## DESCRIPTION OF THE TASK
Exact copy, no pictures: return all the data below as written.

## GIVEN INFORMATION
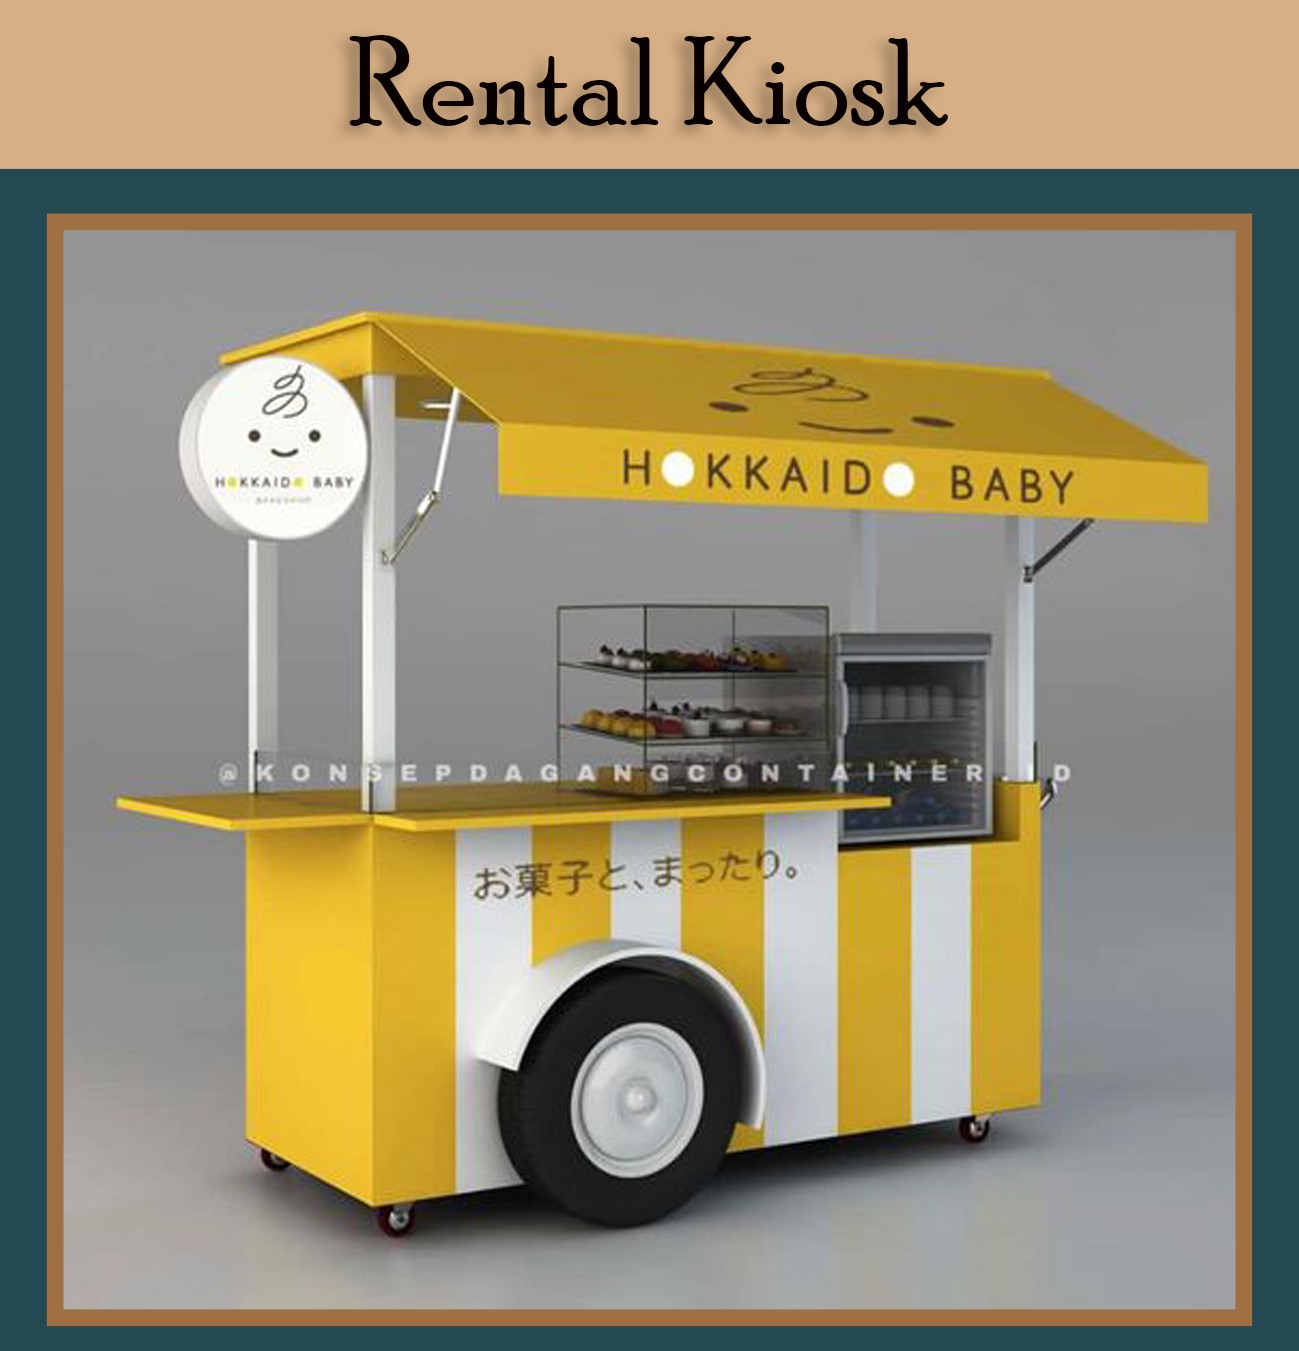 Rental Kiosk ads2.jpg
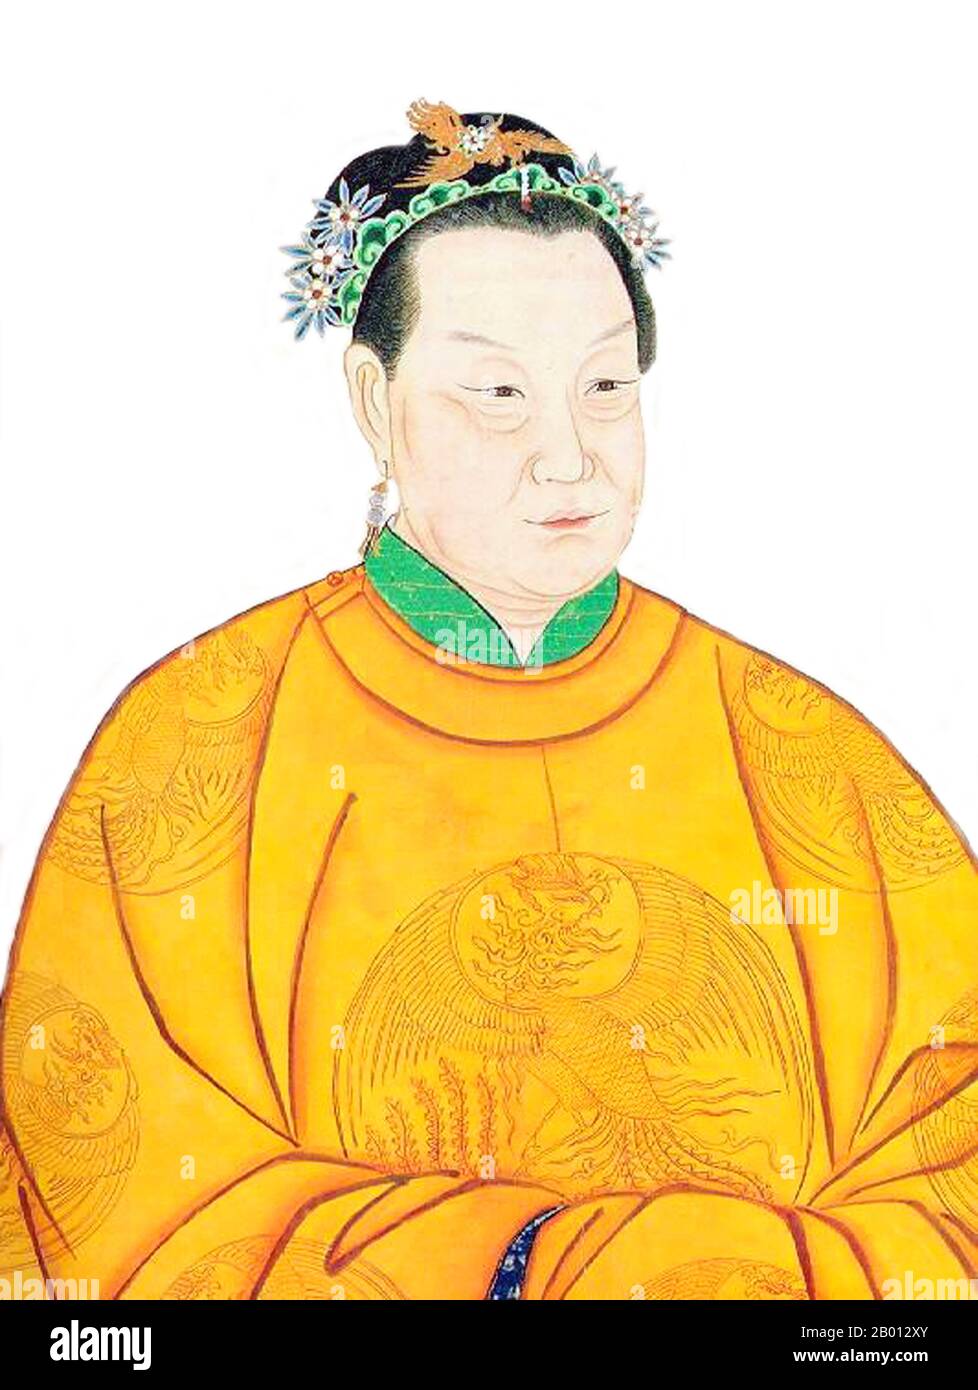 Cina: Imperatrice ma (1378-1402), consorte del 2 ° imperatore Ming Jianwen (r. 1398-1402). L'imperatrice ma (1378-1402), formalmente conosciuta come l'imperatrice Xiaominrang, è stata l'imperatrice Consort del secondo imperatore Ming Jianwen (r.. 1398-1402). Figlia di un funzionario cittadino, sposò il nipote dell'imperatore Hongwu, Zhu Yunwen, e divenne Principessa Corona nel 1395. Morì nel 1402 quando Zhu di, il futuro imperatore Yongle, fece fuoco al palazzo. Foto Stock
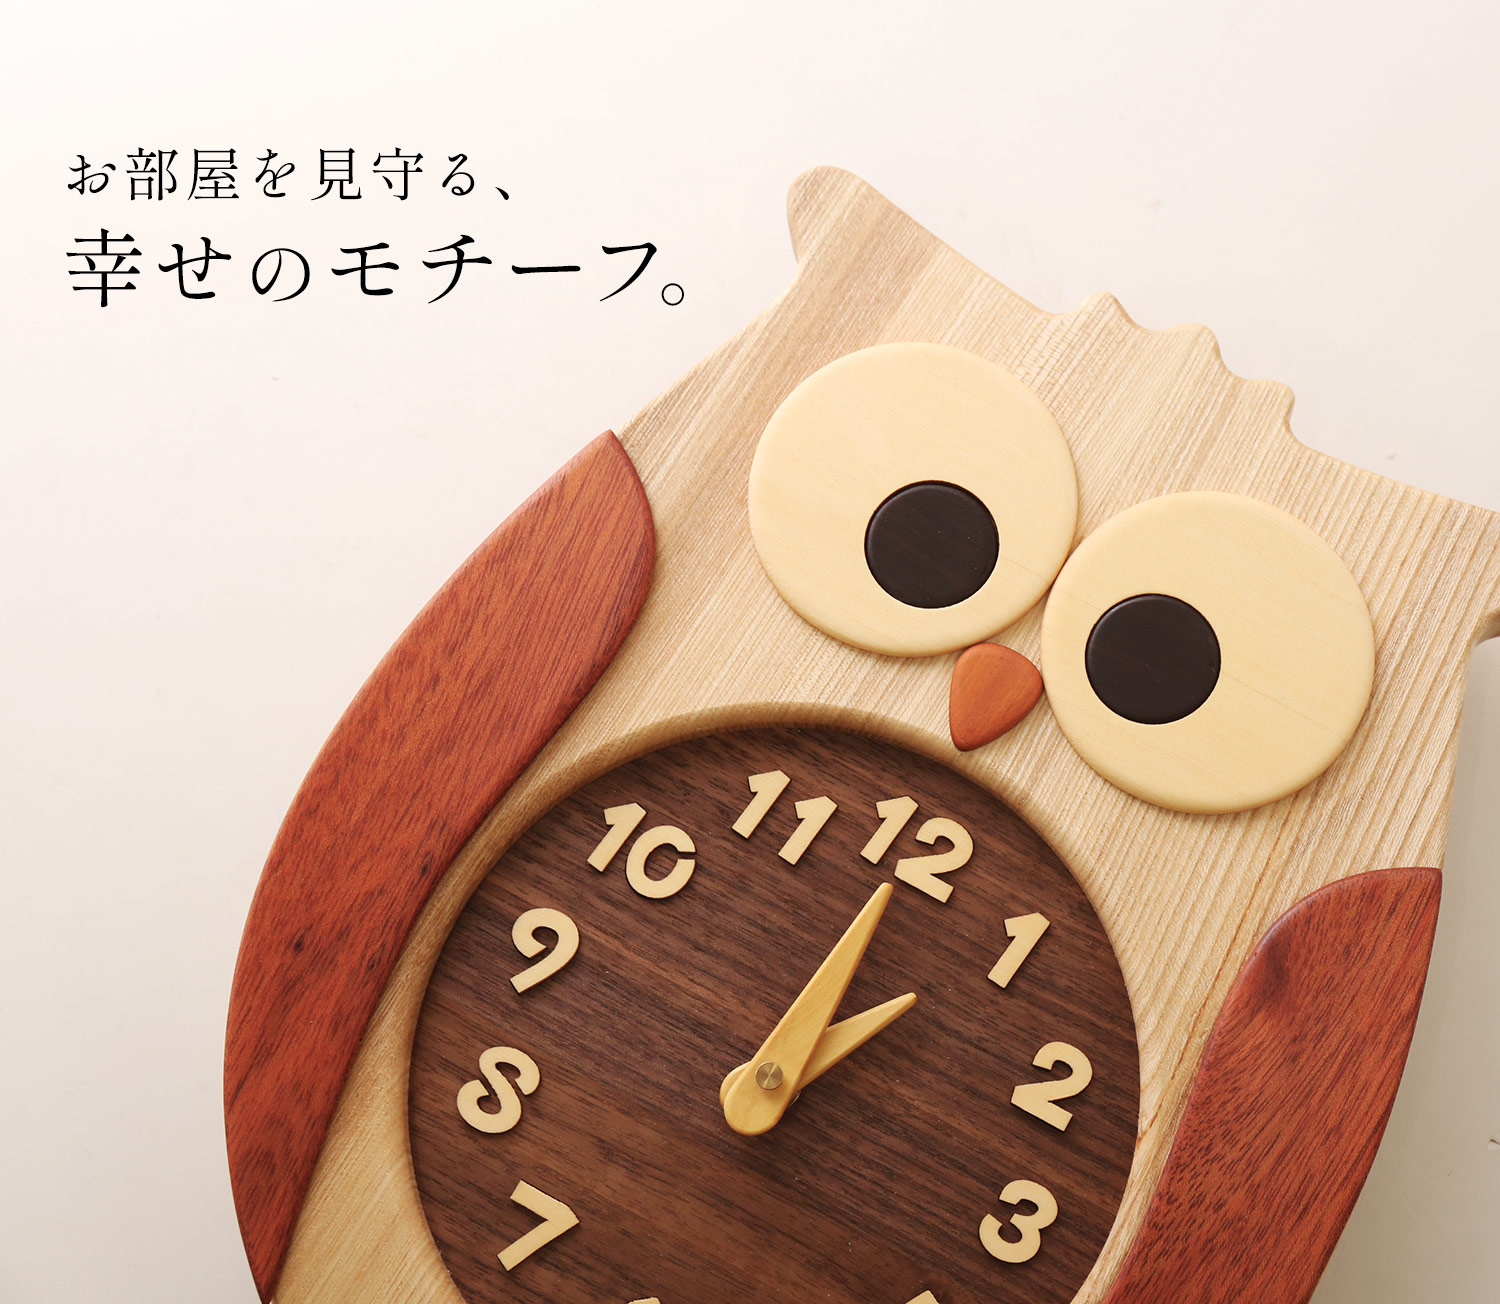 ふくろう掛け時計 壁掛け時計 おしゃれ かわいい 天然木 ふくろう 木製

## WRITTEN RESPONSE
 Rental Kiosk ads2.jpg
 Cina: Imperatrice ma (1378-1402), consorte del 2 ° imperatore Ming Jianwen (r. 1398-1402). L'imperatrice ma (1378-1402), formalmente conosciuta come l'imperatrice Xiaominrang, è stata l'imperatrice Consort del secondo imperatore Ming Jianwen (r.. 1398-1402). Figlia di un funzionario cittadino, sposò il nipote dell'imperatore Hongwu, Zhu Yunwen, e divenne Principessa Corona nel 1395. Morì nel 1402 quando Zhu di, il futuro imperatore Yongle, fece fuoco al palazzo. Foto Stock
 ふくろう掛け時計 壁掛け時計 おしゃれ かわいい 天然木 ふくろう 木製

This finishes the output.